Geçmişte dünyanın sayılı tarım ülkelerinden biri olarak gösterilen Türkiye, bu sektörü yavaş yavaş kaybediyor. Yüksek tohumluk ve gübre fiyatlarından dolayı ekim yapmakta zorlanan ve ektiğinin de karşılığını göremeyen çiftçilerin birçoğu icralık oldu. İcralık olan çiftçi, traktörünü veya elindeki hayvanını satarak hapisten kurtulmaya çalışıyor. Türk Ziraat Odaları Birliği (TZOB),Türk çiftçisinin Cumhuriyet tarihinin en kötü günlerini geçirdiğini savundu.

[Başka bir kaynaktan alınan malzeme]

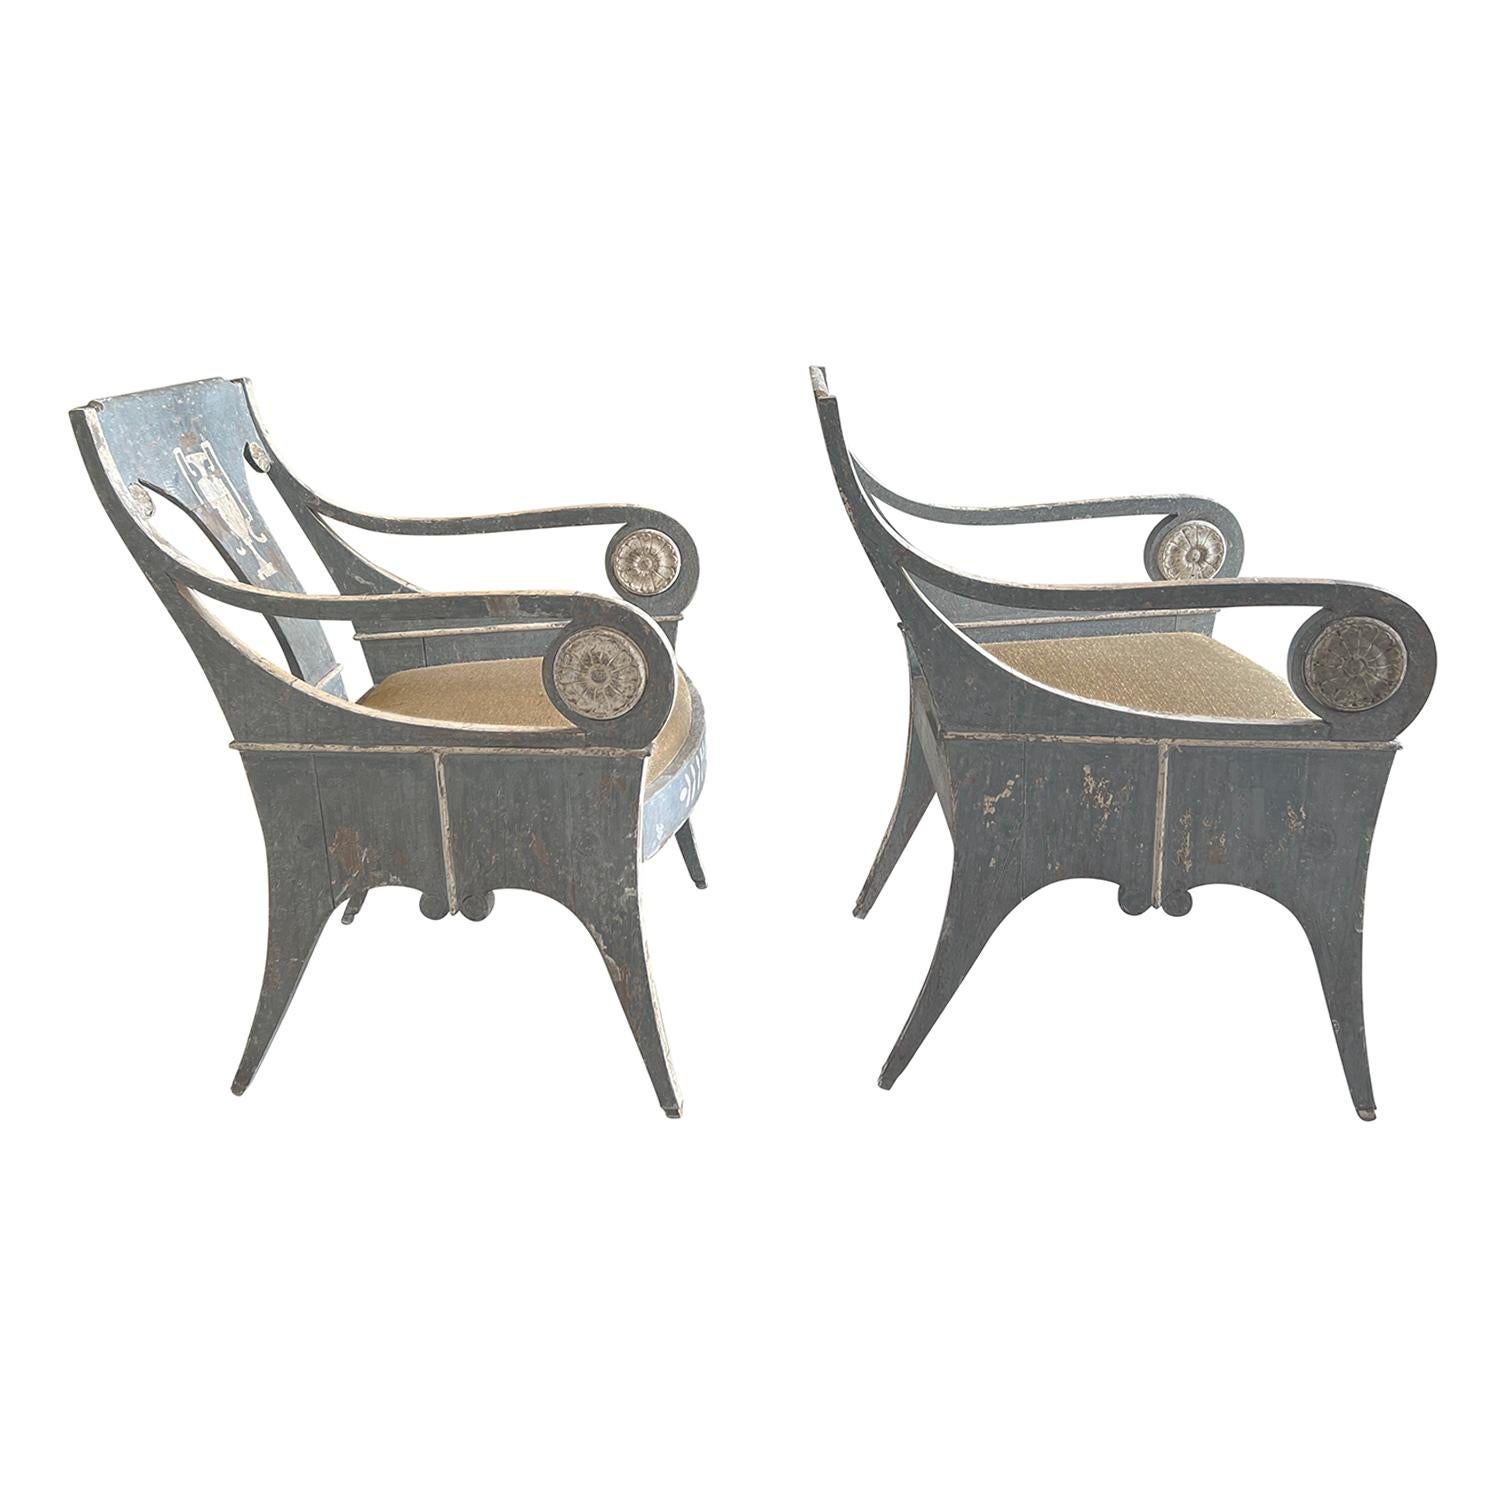 A pair of rare 19th century Swedish Gustavian fauteuils or armchairs made of handcrafted pinewood, patinated in a grey white finish with a hand painted white Greek Amphora urn hand painted onto the backrest and floral décor on the front of the seat,

TZOB'dan "14 Mayıs Dünya Çiftçiler Günü" dolayısıyla yapılan açıklamada, Türk çiftçisinin patlamaya hazır bir yanardağ durumunda olduğu ifade edilirken, "gerekli önlemleri almayanlar, korkarız bu yanardağın lavları arasında eriyip gideceklerdir" denildi. Türkiye gibi gelişmekte olan ülkelerde, tarım ve üreticilerin sorunlarının büyük önem taşıdığı ve bu kesimin bazı çevreler ve özellikle devleti yönetenler tarafından ihmal edildiği öne sürülen açıklamada, şu görüşlere yer verildi:"Tarımsal destekleme politikalarının, belirli ilkelere ve özellikle üyesi olmaya çalıştığımız AB Ortak Tarım Politikası kurallarına uygun hale getirilmeye çalışılmayarak, dünyadaki uygulamalara da ters düşecek şekilde tamamen kaldırılması, tarımın ve geçimini tarımdan sağlayanların yok edilmesi ile eş anlam taşımakta ve bu nedenle ilgililerin, siyasetin ötesinde özellikle hukuksal açıdan sorumluluklarının tartışılmasına zemin hazırlamış bulunmaktadır" Açıklamada Türk çiftçisinin, hükümetlerden özel teşvik ve destekler beklemediği, sadece yaşadığı yörede üretime devamını sağlayacak bir gelire sahip olmayı arzuladığı vurgulanırken, "bu arzunun, Tarım Politikasının başlıca amacıdır" denildi.
Yorumlar
Yorum bulunmuyor.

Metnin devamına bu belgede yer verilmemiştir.